The co-evolution of nanotechnology in multiple research areas has shown that diverse nano innovations are becoming more and more connected. Science research at the nano scale is believed to be converging and connecting different areas of science and technology (Porter and Youtie 2009; Roco 2005, 2008; Loveridge et al. 2008). As Porter and Youtie (2009) pointed out, if this convergence trend is true, it has (and will continue to have) important implications not only for nano scale science but also for governance and regulations of emerging technologies. Roco (2005, p.129) states that converging technologies will bring “tremendous improvements in transforming tools, new products and services, enable human personal abilities and social achievements and reshape societal relationships”.

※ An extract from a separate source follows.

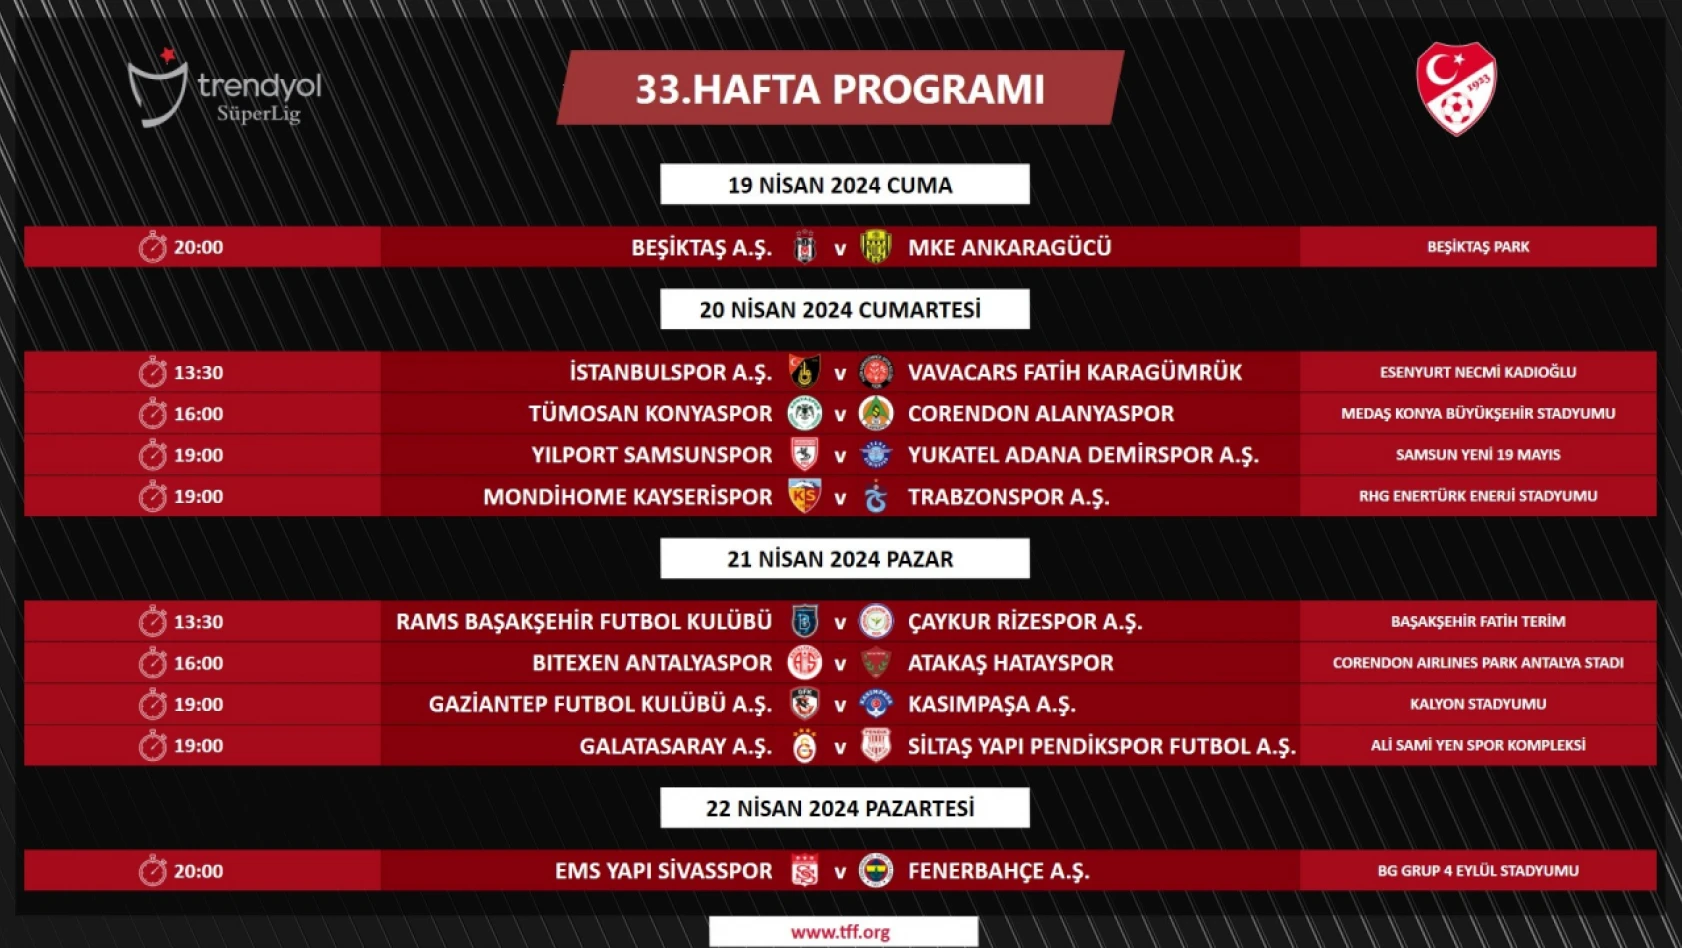 Kayserispor - Trabzonspor maçının günü ve saati belli oldu

Given the difficulty in quantifying connections and boundary changes among different fields, existing studies have shown a plethora of mixed findings in the integration level of nano research. There has been a debate on the trend and degree of interdisciplinarity in various areas of nanoscience. One group positively observes increasing interdisciplinarity in nano scale research and argues that nano research is getting more and more integrative (Porter and Youtie 2009; Loveridge et al. 2008). Nicolau (2004, p.451) states that “Nanotechnology is the most interdisciplinary field so far. This interdisciplinarity is naturally enhanced by the fact that at the nano level the differences between very different disciplines, such as mechanics and chemistry, begin to blur to a large extent and leads to an acceleration of the knowledge production and transfer.”

Another group, on the contrary, claims that the degree of interdisciplinarity in nano scale research does not differ from other science and engineering research. Schummer (2004) argues that nano scale research shows no special interdisciplinarity but rather multidisciplinarity consisting of different (unrelated) fields sharing only a “nano” prefix. Hullmann and Meyer (2003), by examining the Science Citation Index journal discipline classifications, find that the disciplinary distribution of nano-scientific papers (between 1996 and 2001) is still developing and has not reached a stable shape yet.

There are also different opinions on how to measure the interdisciplinary nature of basic research. Citation flows (Bassecoulard et al 2007; Igami and Saka 2007; Leeuwen and Tijssen 2000; Tomov and Mutafov 1996), subject categories (SCs) and journal disciplines (Porter and Rafols 2009; Porter et al. 2007; Hullmann and Meyer 2003) and co-author analysis (Igami and Saka 2007) have been widely applied. Rafols and Meyer (2007) and Porter and Rafols (2009) argue that cognitive dimensions of research (e.g. citation and references) show a high and consistent degree of interdisciplinarity while social aspects (e.g. affiliation analysis) present a lesser and more erratic degree of interdisciplinarity. Rafols and Meyer (2007) suggest that bibliometric indicators based on citations and references can more accurately capture the generation of cross-disciplinary knowledge than tracking disciplinary affiliations. In particular, Porter and Chubin (1985) support the use of citations outside category as an indicator of interdisciplinary research activity. However, Schummer (2004) states that a co-author analysis can cover different aspects of interdisciplinarity than other methods.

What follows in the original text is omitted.